Short Grass became the market choice to run out an appropriate winner of the 1911 Irish Derby;’ ‘the short grass’ being a common pseudonym for the headquarters of Irish racing. However, this was destined to become the ‘small man’s Irish Derby’, won by Shanballymore, a second success in a row for rider John Doyle, who purchased Rossmore Lodge for £1,300 in December of that year.
More significantly, Shanballymore became a rare Irish Derby winner trained other than on the Curragh or in England since the race began in 1866. Unlike those Irish Derby winners to have emerged from the Blake’s Martborough Heath establishment and Orby from Glencairn, Shanballymore came up from John O’Dwyer’s small stable at The Commons, Cashel, Tipperary.
As for his pedigree – Shanballymore was by Popoff, given away as a yearling owing to his dropped hip, sold to a short-sighted farmer for £25, raffled for sixpenny tickets, played for in a card game as a 30/- stake and exchanged for a barrel of porter.

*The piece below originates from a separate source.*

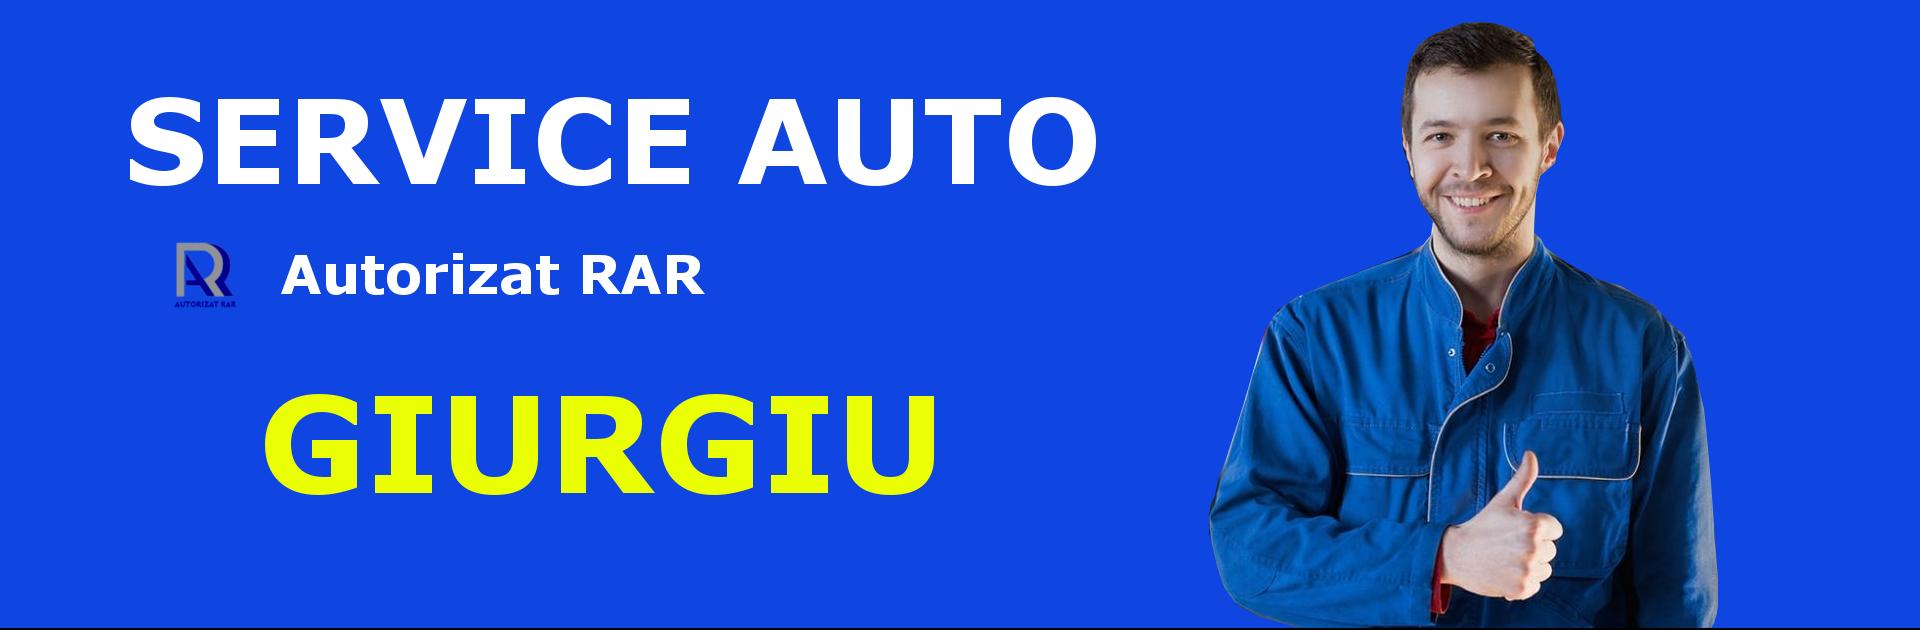 Banner service GIURGIU
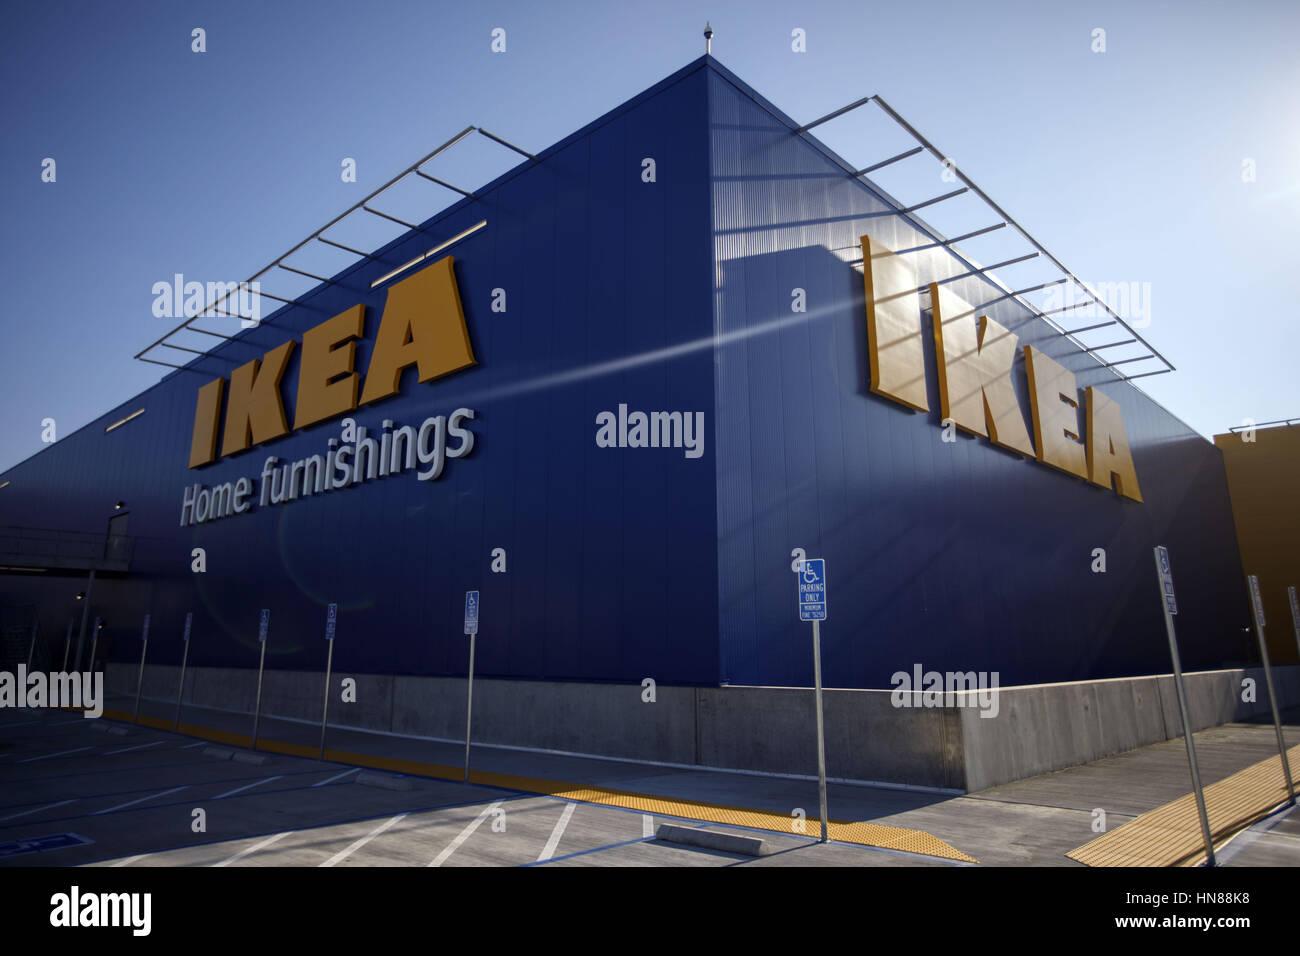 Burbank, CA, USA. 1st Feb, 2017. The IKEA Logo Is Displayed Outside The New  IKEA Burbank Home Furnishings Store On Wednesday, February 1, 2017 In  Burbank, ...

Calyce, an ugly, useless mare, cost Cappawhite farmer John Kelly £6. Safely, as he thought, Tipperary bookmaker Bryan O’Donnell had offered John Kelly 100-to-1 against his ugly duckling winning the Irish Derby two years hence. Kelly’s courageous wager was to see him refuse good offers for his colt at the day of reckoning drew ever nearer. Not one to push his luck, John Kelly sold Shanballymore after he won a match for a King’s Plate on his next appearance.
Stock Exchange highflier Graham A Prentice, owner of Short Grass, the beaten favourite twelve months previously, confidently backed his recent purchase Gael Rhu to make amends in 1912. His wagers – £1,400 to win £800 and £1,000 to win £500 – ensured Joe Hunter’s charge going off odds-onto beat just four rivals. Fred Hunter’s mount did get closer than Short Grass had done, but still had to give best to Civility, a first mount in Ireland for American ace and English champion Danny Maher.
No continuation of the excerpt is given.